Mais empregadores também estão usando novos métodos de avaliação para ampliar o grupo de candidatos dos quais selecionam, em meio à escassez global de capacitação e mão de obra e à medida que pressionam para melhorar a diversidade.

Sistemas automatizados projetados para contratar uma força de trabalho mais diversificada podem encontrar candidatos que, de outra forma, seriam negligenciados devido a problemas de saúde, lacunas no emprego ou porque não possuem um diploma ou são de origem não tradicional.

ChatGPT é ponto de partida, não substituto, dizem especialistas

Mas, embora o ChatGPT seja um ponto de partida útil para uma carta de apresentação ou para conhecer o histórico de um potencial empregador, os recrutadores dizem que não é substituto para você mesmo escrever uma apresentação.

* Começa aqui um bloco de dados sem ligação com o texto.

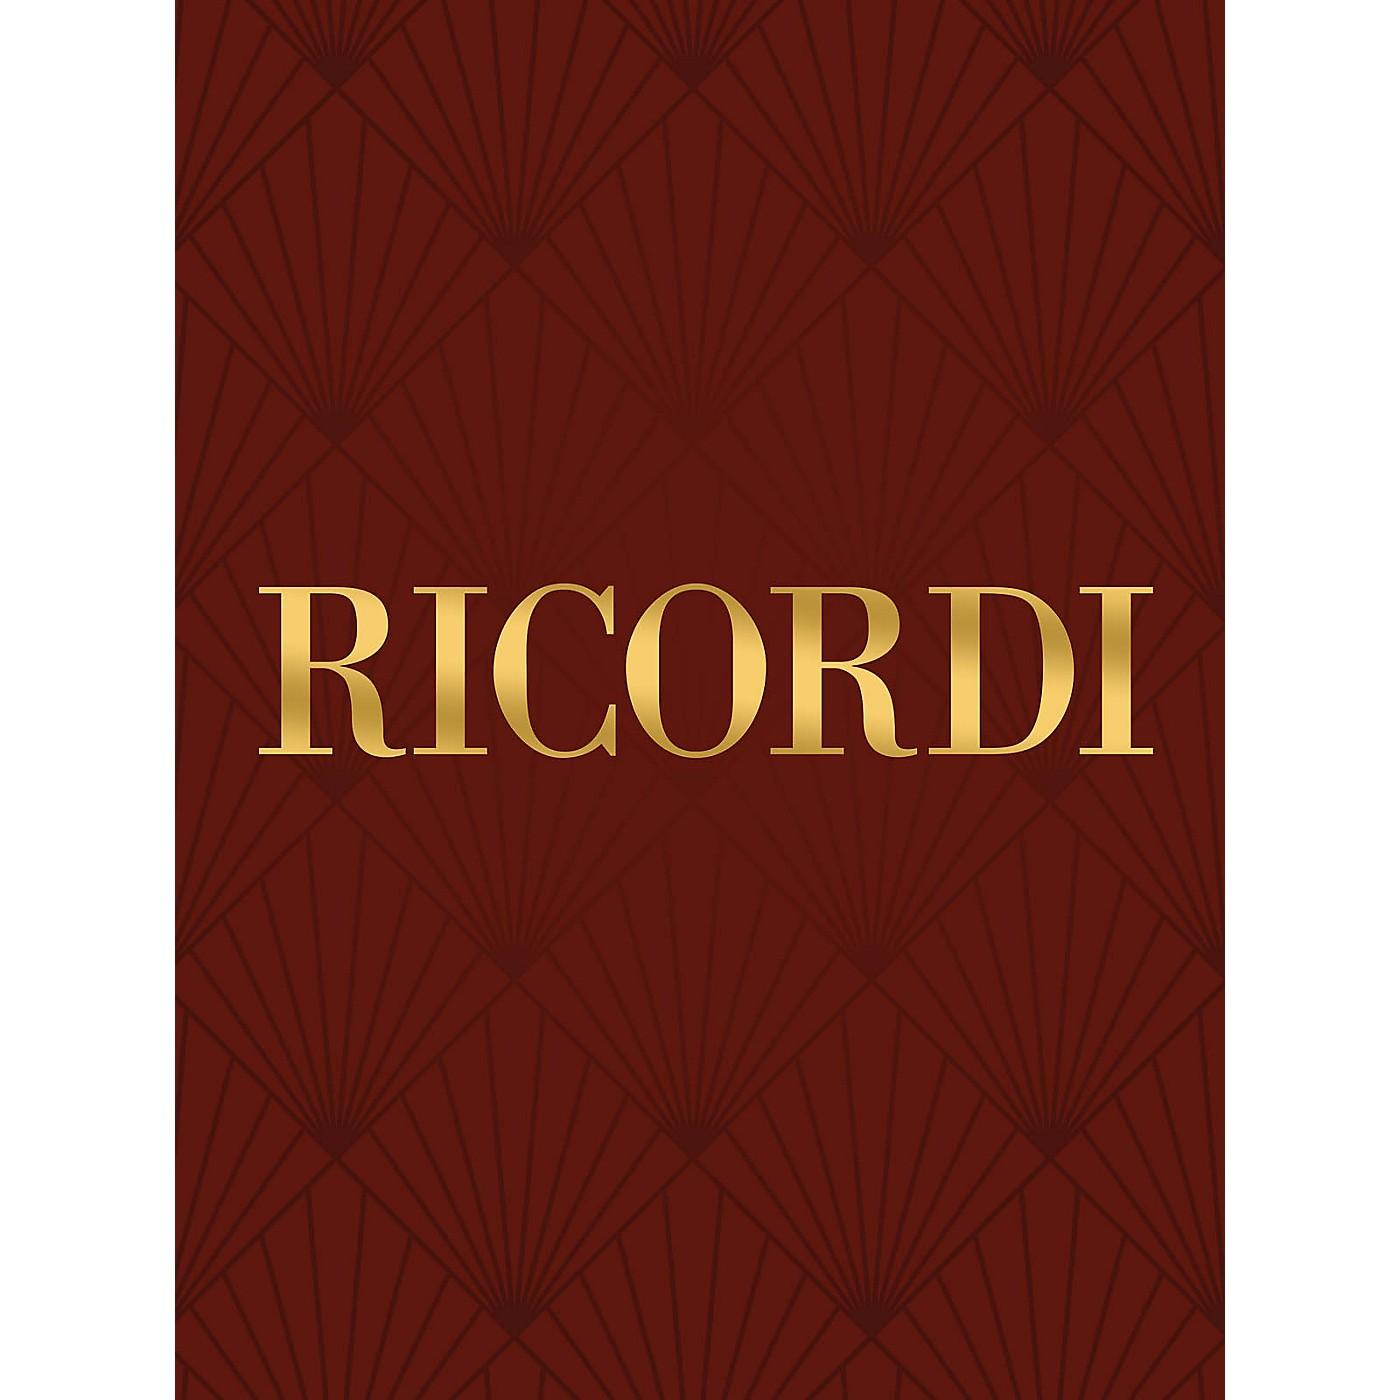 Ricordi Che giova il sospirar, povero core RV679 Study Score by Antonio Vivaldi Edited by Francesco Degrada thumbnail

Nath, o estudante de Cambridge, disse: "As empresas estão procurando uma relação com as pessoas de lá, como contatar alguém da empresa ou uma informação que não está no site. E essas coisas só podem ser cultivadas por interações pessoais, não por modelos de IA".

Hunter, da Adzuna, concorda: "A advertência que eu daria aos candidatos a emprego é que a IA pode atuar como um bom copiloto, mas não deixe a tecnologia tentar fazer tudo por você. É uma tecnologia muito nova, vai gerar respostas padronizadas. Se você permitir que as interações iniciais com o empregador sejam totalmente executadas pela IA, não conseguirá fazer o trabalho".